Q. What is the difference between a quitclaim deed and a warranty deed? My ex-husband is taking his name off the title of our home and I will be re-financing with my current husband.
A. A quitclaim deed is one where the grantor passes any title they may have in a property, without professing that they have any title in it. As you are going to refinance it should work OK, however, you might want to check with the new lender to make sure. By the way, if you were not refinancing, it would not give your ex any protection, as it would only take him off the deed, not off the loan. Many times people make this mistake, signing a quitclaim when they divorce, then the spouse in the house defaults on the loan and the lender goes after the one who signed the quitclaim.

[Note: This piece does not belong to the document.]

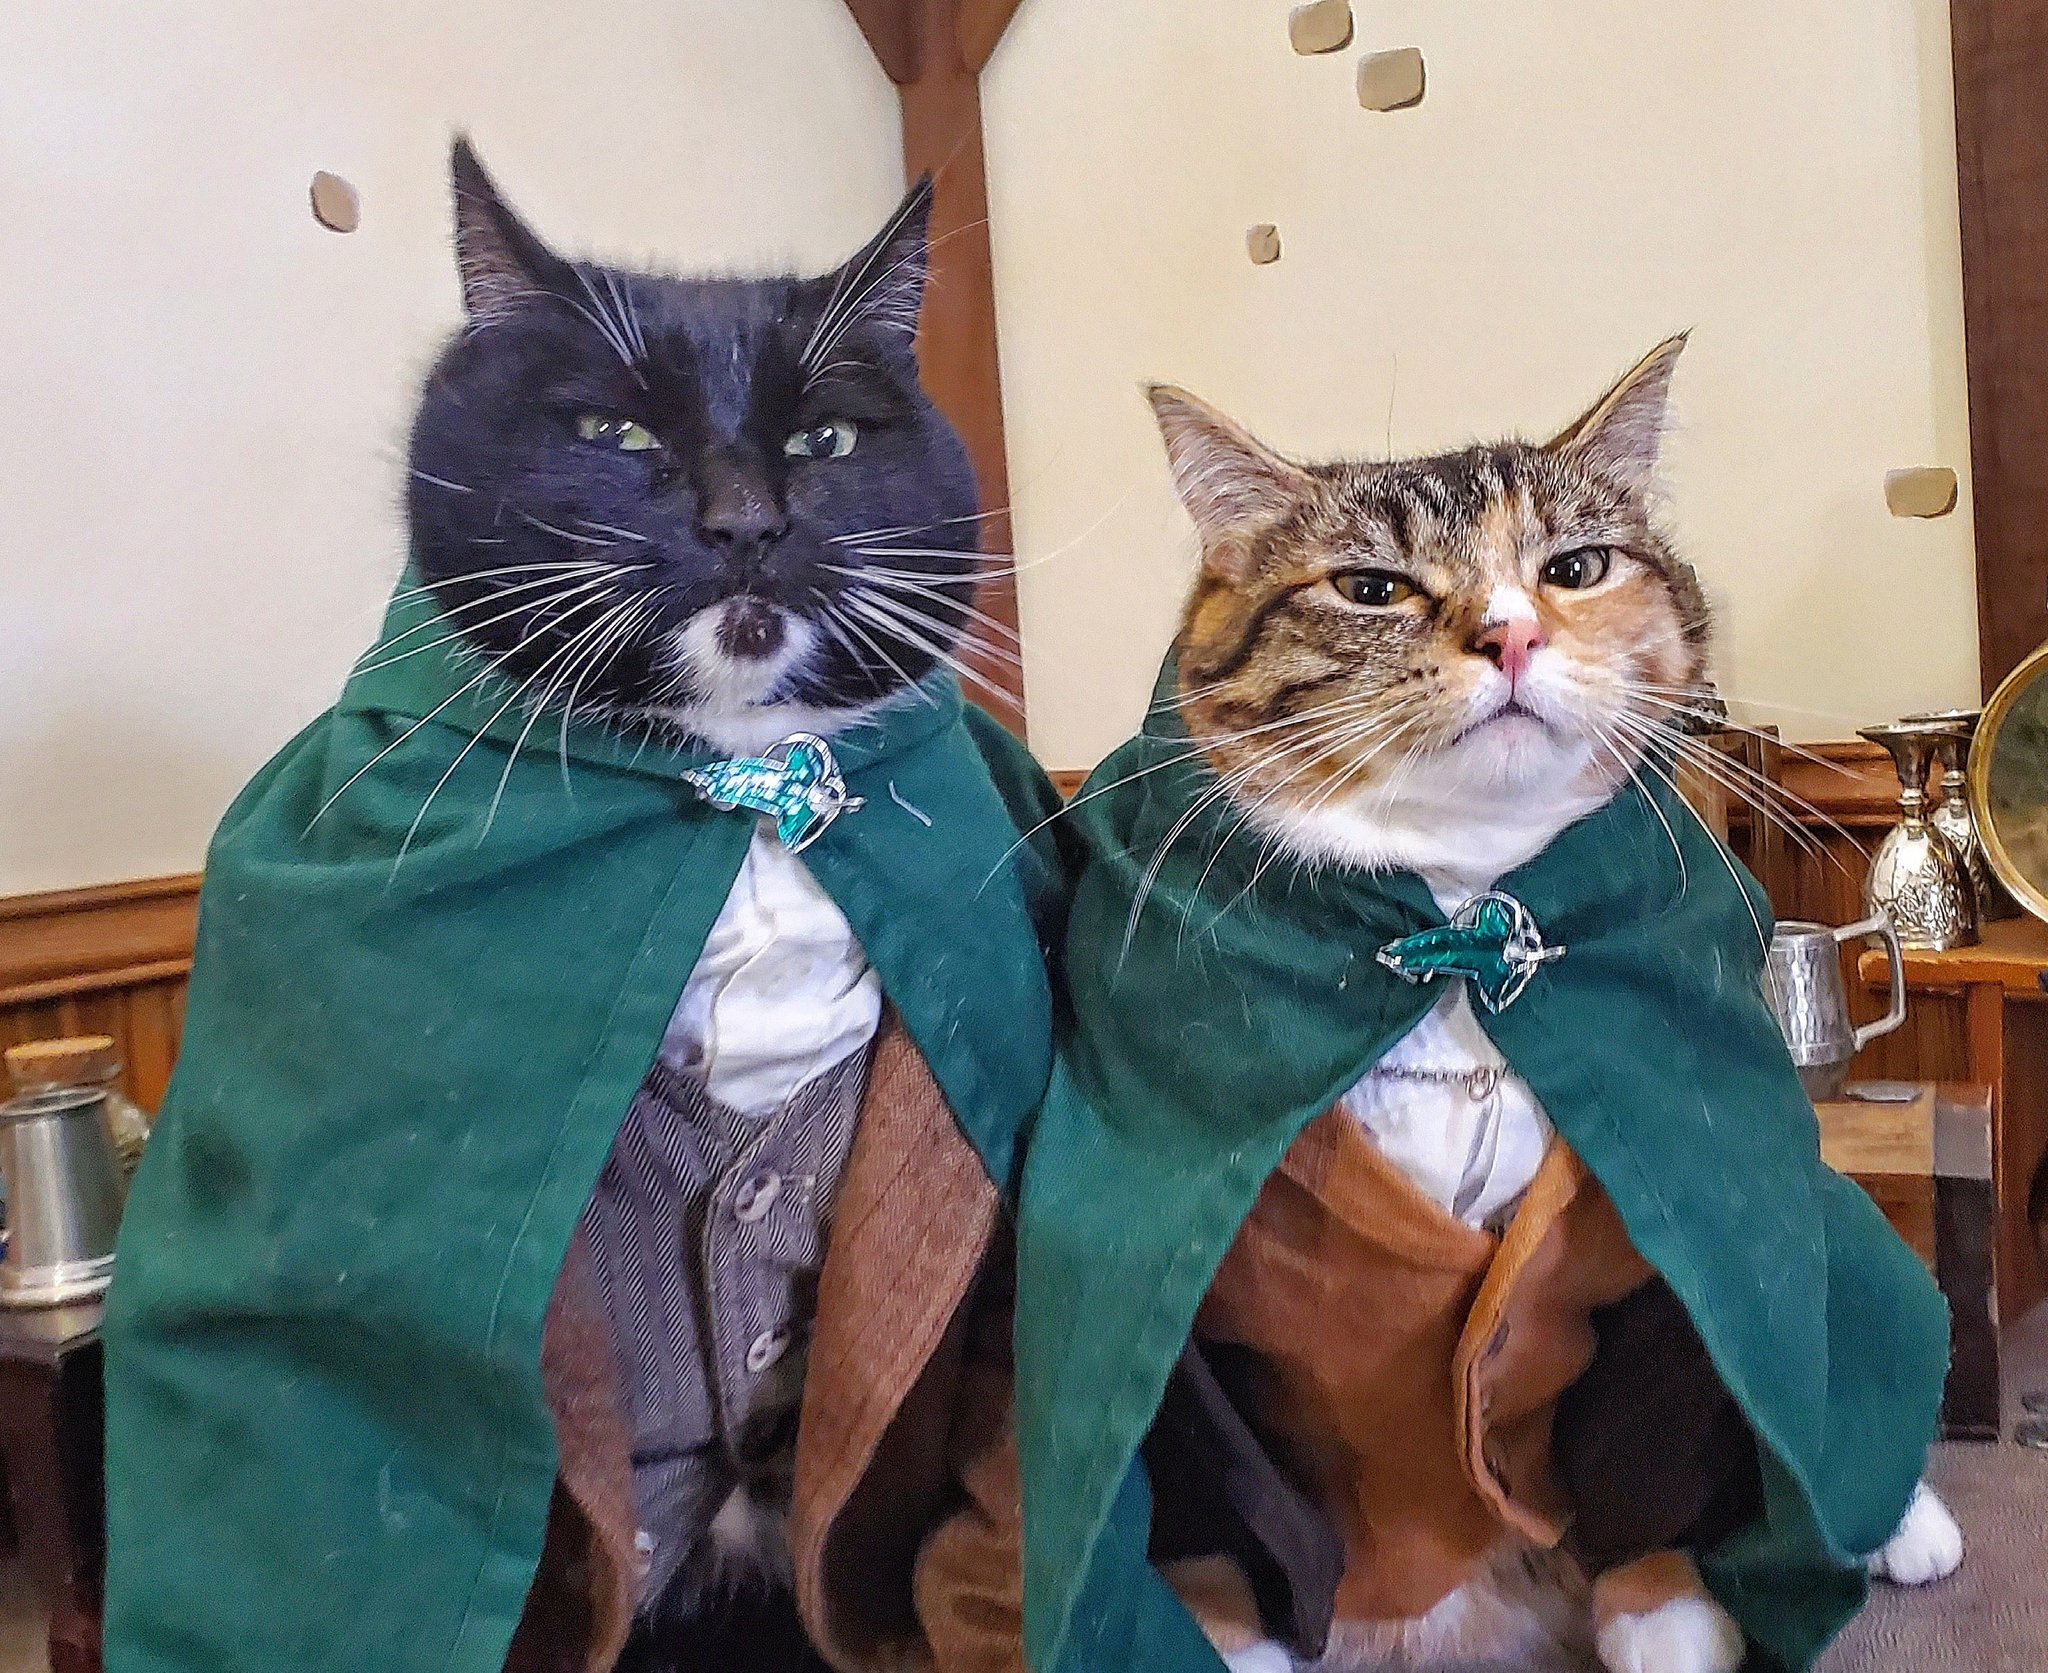 Cat Cosplay on Twitter: LOTR Fans this morning when they investigate Frodo  Trending https://t.co/ccYhNLrvUL / Twitter

Q. I have heard stories about buyers showing up at closing only to find out they have been denied a mortgage loan. The reasons for the denial usually have to do with the buyer opening up new lines of credit or using their existing credit cards to furnish the new house. Is this common? I am petrified that I'll be denied a mortgage loan at my upcoming closing. I haven't so much as touched any of my credit cards since I received my initial pre-qualification, but I remain nervous. Do lenders normally give buyers a definite confirmation that a loan will be extended prior to closing or do I have to remain frantic until I sign that last piece of paperwork at closing? I do not want to show up and be humiliated at closing.
A. That sounds like another "urban myth." If a mortgage loan has been denied, no closing documents package or the loan funds will be transferred to the closing attorney or title company, so no closing would ever even be finally scheduled. If your closing is scheduled and the package and funds are there, do not worry about anything more than getting writer's cramp signing all of it.
Q. About two months ago, I entered into a contract for a two-bedroom condo. Everything went smoothly, had great credit and good income but at the last minute I kind of didn't have a job. The bank denied the loan due to insufficient income information. I requested for my down payment (10K) and it looks like the seller will be taking me to court. It looks like they called my ex company and someone mistakenly told them I was still working. Now, they are taking me to court and putting me on default so that I can prove to them that I no longer work for the company. Can the seller do this? I would think that once they have the loan denial, I can request for my 10 percent down payment, but now it looks like they want to keep it. What are my chances of getting my money back given the fact that I no longer work for the company and will most likely find new employment?
A. Get a lawyer who knows what he is doing. If you had a loan provision in the contract, you should be able to recover all of your earnest money due to the loan denial. Just get a "loan denial" statement form from your lender. You still haven't confirmed that your purchase offer had a financing contingency. If it did, then you have absolutely nothing to worry about, letters of commitment mean nothing, and these people are trying to scam you based on nothing more than a clerical error by the bank. They're not entitled to a dime of your earnest money. In addition, the "maintenance fees" are a scam. These people should be reported to the state licensing board.